What do you want out of the bike? IMO both are great bikes. The Onix is going to be a bit more comfortable and a little less responsive, the Opal a little less comfortable and a little racier. Onix, great century bike, Opal good race bike.


----------



## out2dasea (May 12, 2009)

Well, im never going to be racing ina road bike race. I do about 3-4 triathlons a year, either sprint or olympic... but most of my riding is with buddies for a 30-40 mile ride with the occasional century or longer rides. Most of my rides consist of long hills (3-5000ft climbs) so id like to keep the weight down as much as possible. How are the prices he quoted me with the chorus? If i do it its going to definitely be with the chorus. Just trying to decide if its worth it to buy new or if i should just wait for a good used deal.


----------



## Eric S (Mar 29, 2006)

If it's 10sp chorus it's a great price, I don't think you'd ever find a better deal. If 11sp *run don't walk *and buy the one you like best.


----------



## out2dasea (May 12, 2009)

it is a 10sp but with an aluminum crank.


----------



## Eric S (Mar 29, 2006)

If the fit is good, I'd buy one of them, for the triathlons and climbing the Opal may have an edge, although all Orbeas are good climbers. For your fun rides and centuries the Onix may fit the bill. Seems like a toss up. Get the one you like best. BTW my frame of reference is that I have a 07 Ultagra Onix and a Fuji Team SL which is racier, I love them both but if I were replacing the Fuji the Opal would be high on my list.


----------



## out2dasea (May 12, 2009)

is there any difference in the strength of the frame between these two? I am a pretty powerful and generally ride pretty hard, would like something that can take a beating.


----------



## Arginine (Nov 14, 2007)

I think the Opal was specifically designed for U.S. Crit racing, so it should be pretty durable.


----------



## rollinrob (Dec 8, 2002)

IT looks like they changed the geomtry on the bike this year, at least they did for my size (48). Be sure to check becuase that could make the difference. BTW if it was me I would get the 09 onix


----------



## identifiler (Dec 24, 2005)

I have had both but in reverse, I have an newer opal and older onyx. You want a plush ride, long group outings with some nice long climbs, go with the onyx. Can't beat the confort of that bike.

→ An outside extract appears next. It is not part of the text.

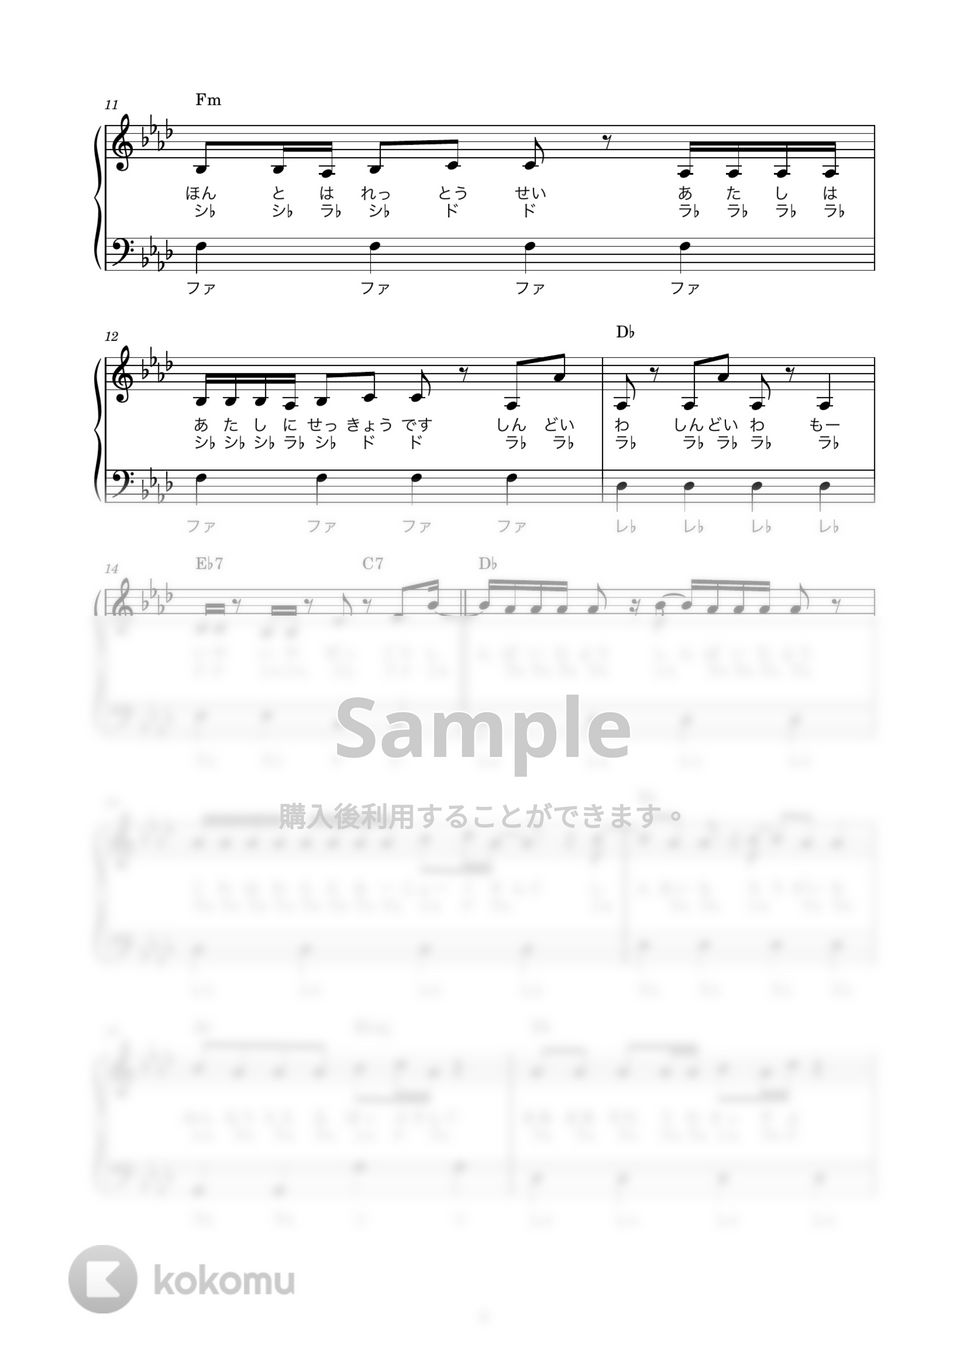 DECO*27×ピノキオピー feat.初音ミク - デビルじゃないもん (かんたん / 歌詞付き / ドレミ付き / 初心者) by piano.tokyo
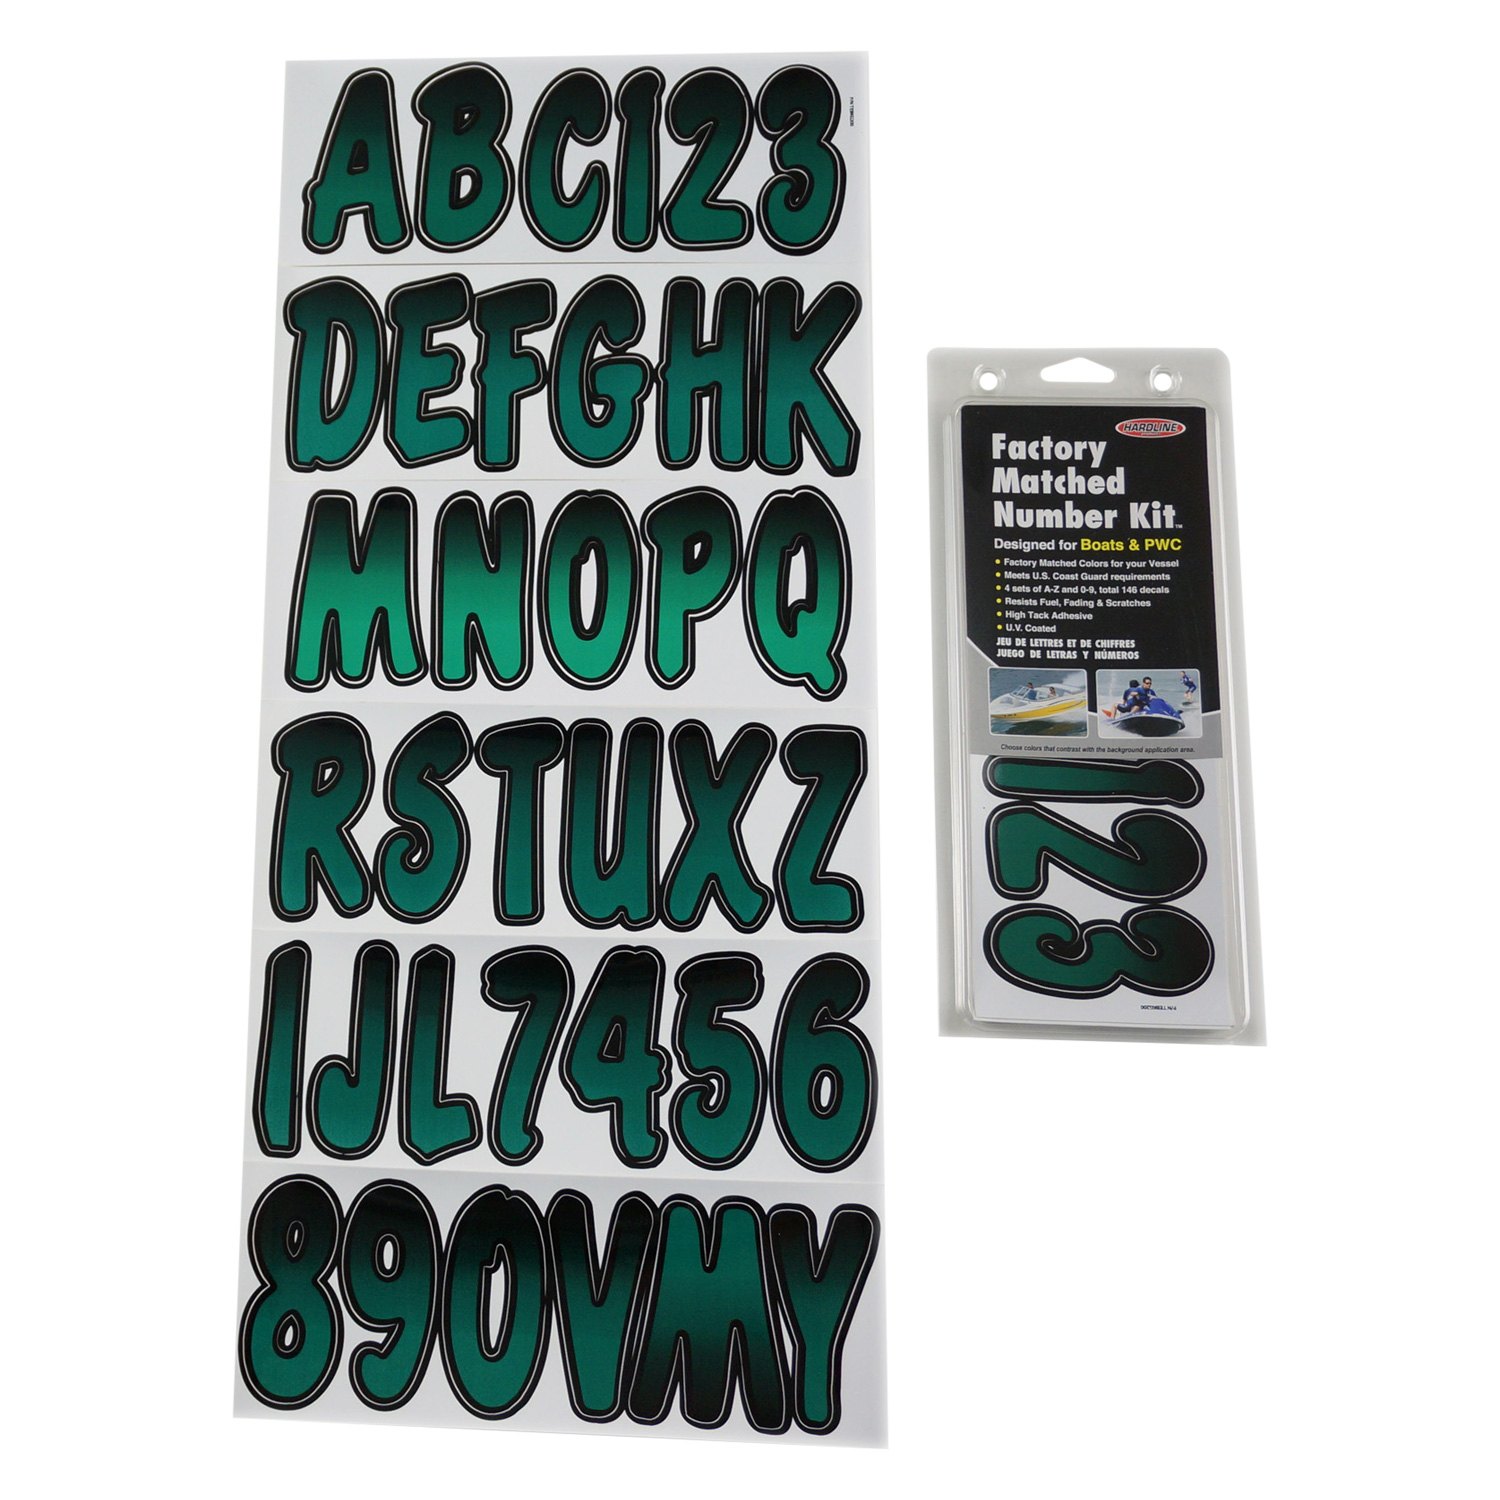 Hardline Products TEBKG200 Series 200 Forest Green/Black Factory Matched Registration Number Kit

Your serious about making intervals on flats or real high speed cornerng and descending, go with the Opal.

I find the Opal is a bit less comfy that the Onix for climbing, there is not a lot of front compliance so it is not as nice when you are up and dancing on the Opal.

Personnaly, I ride in Opal terrain and the new Opal can bridge between two gaps like a missile, it is very nice for that.


----------